8 canonical dataset types, auto-detected from field names:

| Schema | Required fields | Use case |
|--------|----------------|----------|
| `sft` | instruction, output | Supervised fine-tuning |
| `qa` | question, answer | Question answering |
| `classification` | text, label | Text classification |
| `chat` | messages | Multi-turn conversations |
| `summarization` | document, summary | Summarization tasks |
| `translation` | source, target | Translation pairs |
| `rm_pairwise` | prompt, chosen, rejected | Reward model training |
| `nl2sql` | question, sql, schema | Natural language to SQL |

## CLI Commands

| Command | Purpose |
|---------|---------|
| `verifily quickstart <path>` | Scaffold a working project |
| `verifily ingest` | Normalize raw data to artifact format (JSONL, CSV, Parquet, hf://) |
| `verifily pipeline --ci` | Run full quality gate (CI mode) |
| `verifily report` | Dataset quality report with PII scan |
| `verifily contamination` | Detect train/eval overlap |
| `verifily contract-check` | Validate run artifacts |
| `verifily fingerprint` | Privacy-safe dataset summary |
| `verifily diff-datasets` | Compare two datasets |
| `verifily ci-init` | Generate GitHub/GitLab CI config |
| `verifily serve` | Start API server |
| `verifily version` | Show version, Python, platform |

### NL2SQL Commands

| Command | Purpose |
|---------|---------|
| `verifily nl2sql validate` | Validate NL2SQL dataset structure |
| `verifily nl2sql fingerprint` | SQL normalization + template fingerprinting |
| `verifily nl2sql split` | Leakage-resistant train/eval splitting |
| `verifily nl2sql gate` | Three-tier contamination gate for NL2SQL |

## Integrations

All opt-in with lazy imports. No hard dependencies.
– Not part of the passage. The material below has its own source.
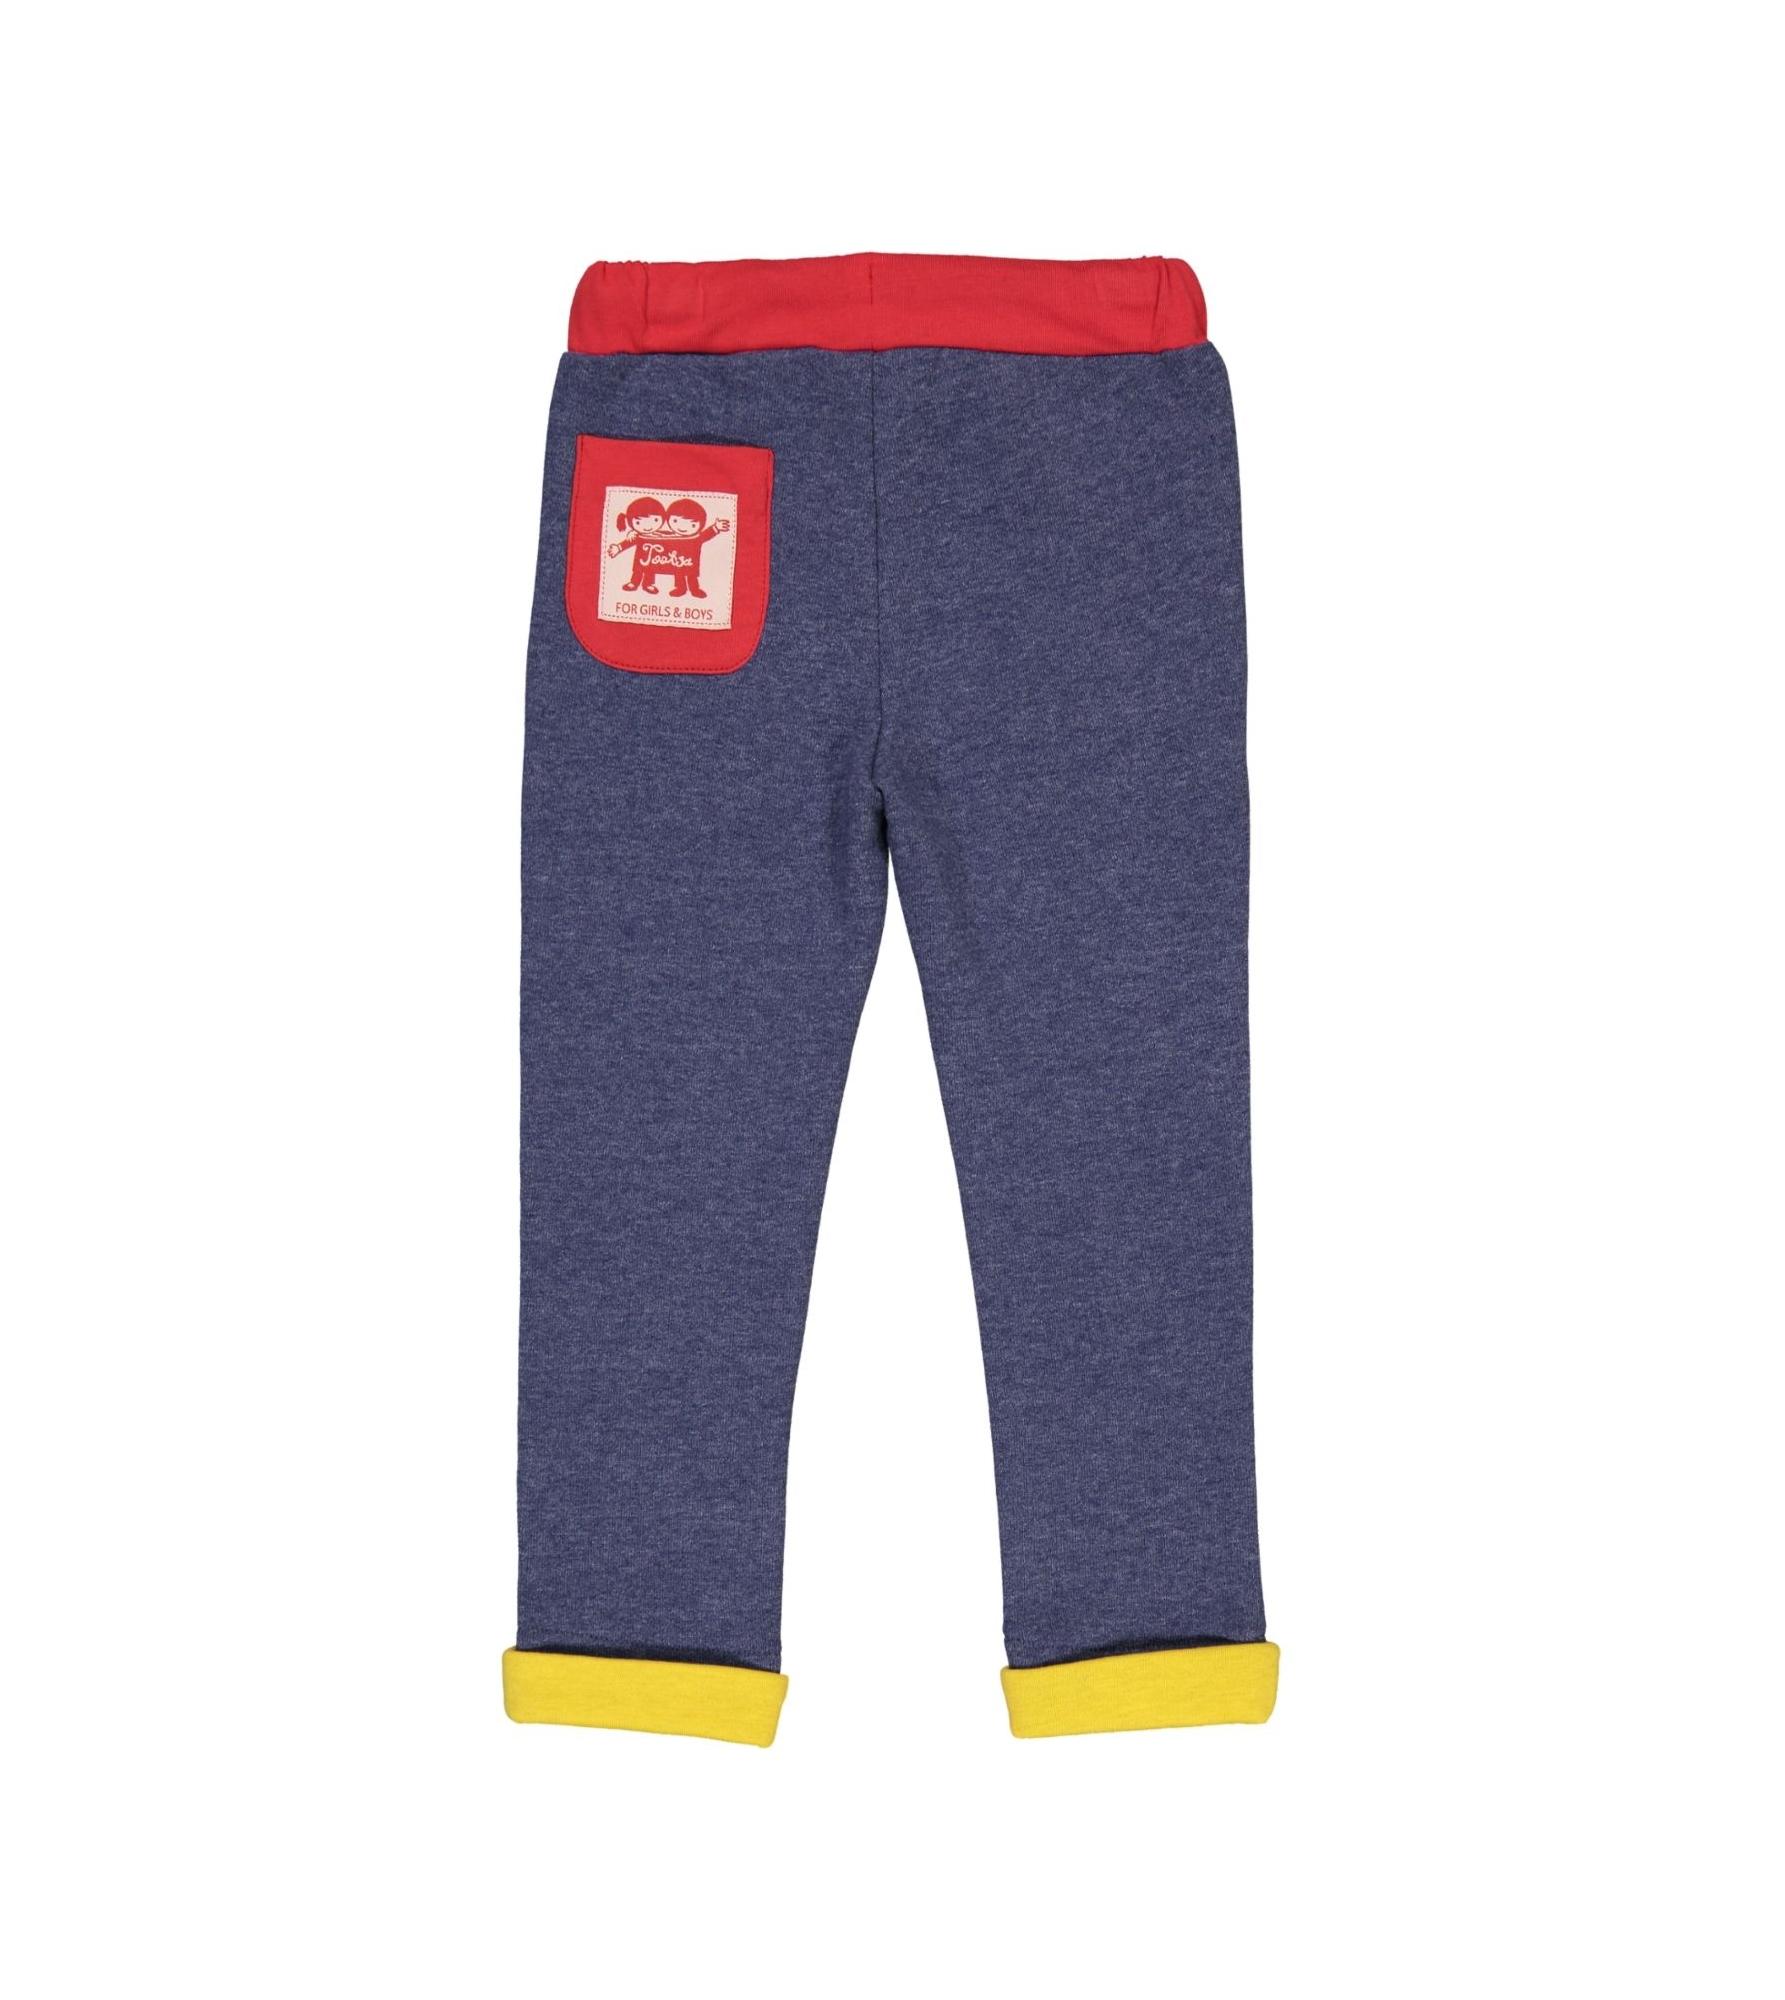 Malmo Slim Fit Sweatpants Heather Blue Back_downsized.jpg

| Integration | What it does |
|-------------|-------------|
| **HuggingFace Datasets** | Load datasets via `hf://` URIs |
| **Weights & Biases** | Log decisions, metrics, and artifacts |
| **MLflow** | Track runs with model registry integration |
| **GitHub Actions** | Pre-built action + CI workflow generator |

```bash
# HuggingFace
verifily ingest --in "hf://squad" --out datasets/squad --schema qa

# W&B + MLflow
verifily pipeline --config pipeline.yaml --wandb --mlflow
```

## CI Exit Codes

| Code | Label | Meaning |
|------|-------|---------|
| `0` | SHIP | All quality gates passed |
| `1` | DONT_SHIP | One or more blockers failed |
| `2` | INVESTIGATE | Risk flags present, no hard blockers |
| `3` | CONTRACT_FAIL | Run contract invalid |
| `4` | TOOL_ERROR | Invalid config or unexpected error |

## Documentation

- [Product Overview](docs/product-overview.md)
- [Quick Install](docs/quick_install.md)
- [3-Minute Quickstart](docs/3_minute_quickstart.md)
- [Decision Gate](docs/decision_gate.md)
- [Dataset Fingerprints](docs/fingerprints.md)
- [CI Init](docs/ci/quick_ci_init.md)
- [API & Jobs](docs/api_jobs.md)
- [Monitor](docs/monitor.md)
- [Versioning & Stability](VERSIONING.md)
- [Changelog](CHANGELOG.md)

## Versioning

Verifily follows [Semantic Versioning](https://semver.org/). See [VERSIONING.md](VERSIONING.md).

Current version: `1.2.0`

## Stability Guarantees

- **Deterministic outputs** — fixed seed produces identical results across runs
- **Stable contracts** — `run_contract_v1` schema is frozen within the v1.x line
- **Stable exit codes** — 0/1/2/3/4 semantics are frozen
- **Backward compatibility** within MAJOR version — artifacts from any v1.x release are accepted
- **1,300+ tests** — all deterministic, no network, no GPU

## License

Business Source License 1.1 (BSL-1.1). See [LICENSE](LICENSE) for details.

You may use Verifily for any purpose except offering it as a commercial data quality or ML pipeline gating service to third parties. On 2030-02-16, the license converts to Apache 2.0.